Software ecosystem enablement

The primary aim of the Morello Programme has been to enable creation of, and experimentation with, a large CHERI-enabled software ecosystem. Prior to Morello, research implementations of CHERI were entirely on FPGA (clocking around 100MHz), or were emulated with QEMU. While valuable in early research, these platforms could not enable "at scale" exploration of the impact of CHERI on large software corpora such as full operating systems, major desktop applications, or full server software stacks. In contrast, Morello operates at 2.5GHz, has a quad-core superscalar design, includes an on-chip GPU, supports up to 64GiB of DRAM, and provides high-performance I/O via PCIe.

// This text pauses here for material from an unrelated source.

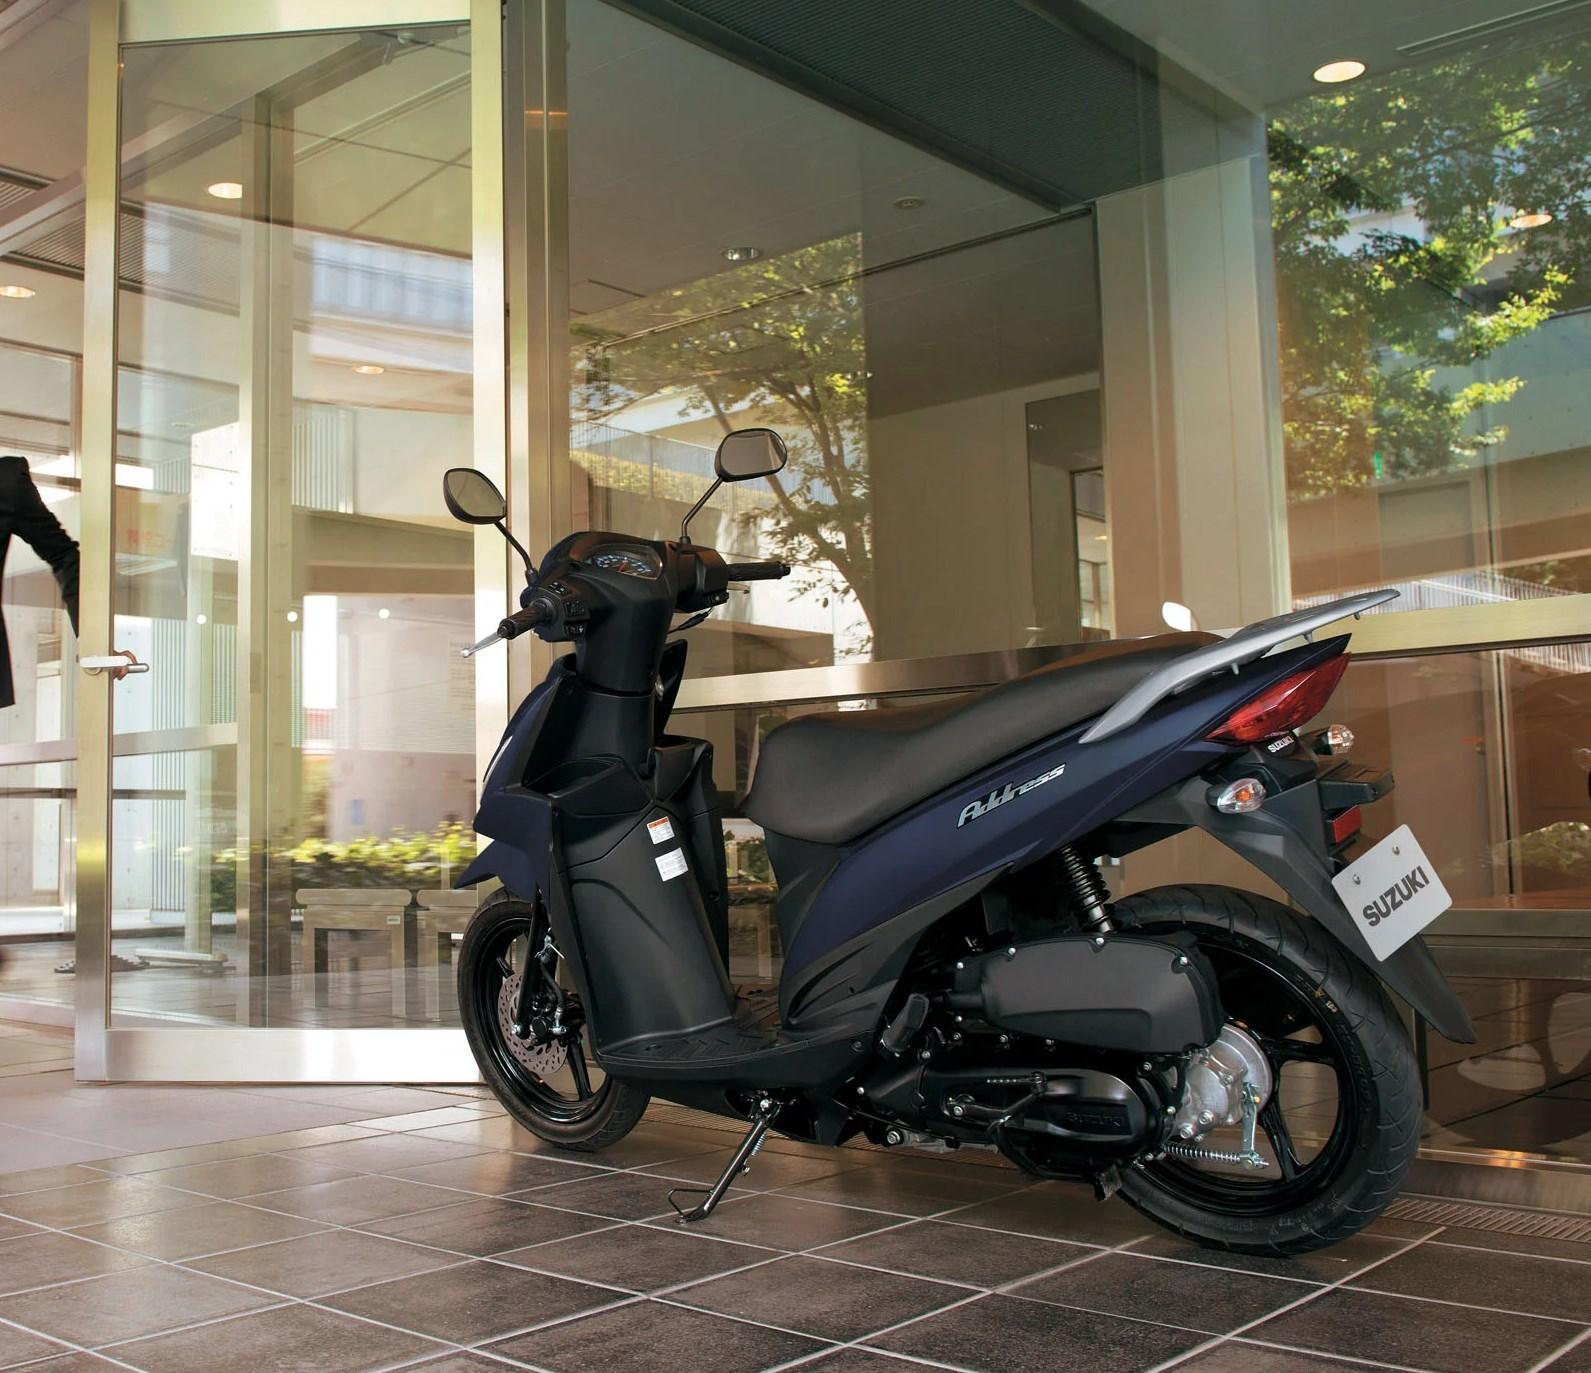 sydney-scooter-hire-ubereats-menulog

Over the past year, Morello has supported a vast increase in the size of the CHERI software ecosystem, driven by over 70 companies, universities, and governmental organizations, which have collectively adapted over 100MLoC of open-source software to CHERI memory safety, according to current estimates. This includes memory-safe FreeBSD kernel and userlevel, Linux BusyBox, Wayland window server and KDE Plasma desktop, and approaching ten thousand open-source software packages. At the time of writing, there is a significant in-progress effort to adapt the Chromium web browser and V8 JavaScript runtime to compile with memory-safe CHERI C/C++ languages. In addition to announced programme partners such as Google and Microsoft, dozens of companies supported by UKRI’s Technology Access Programme (TAP) have also adapted millions of lines of open-source and proprietary code to the platform.

This enablement has allowed realistic experimentation with server, workstation, industrial control, and automotive workloads running under memory safety, and also early work on fine-grained software compartmentalisation as research prototypes mature.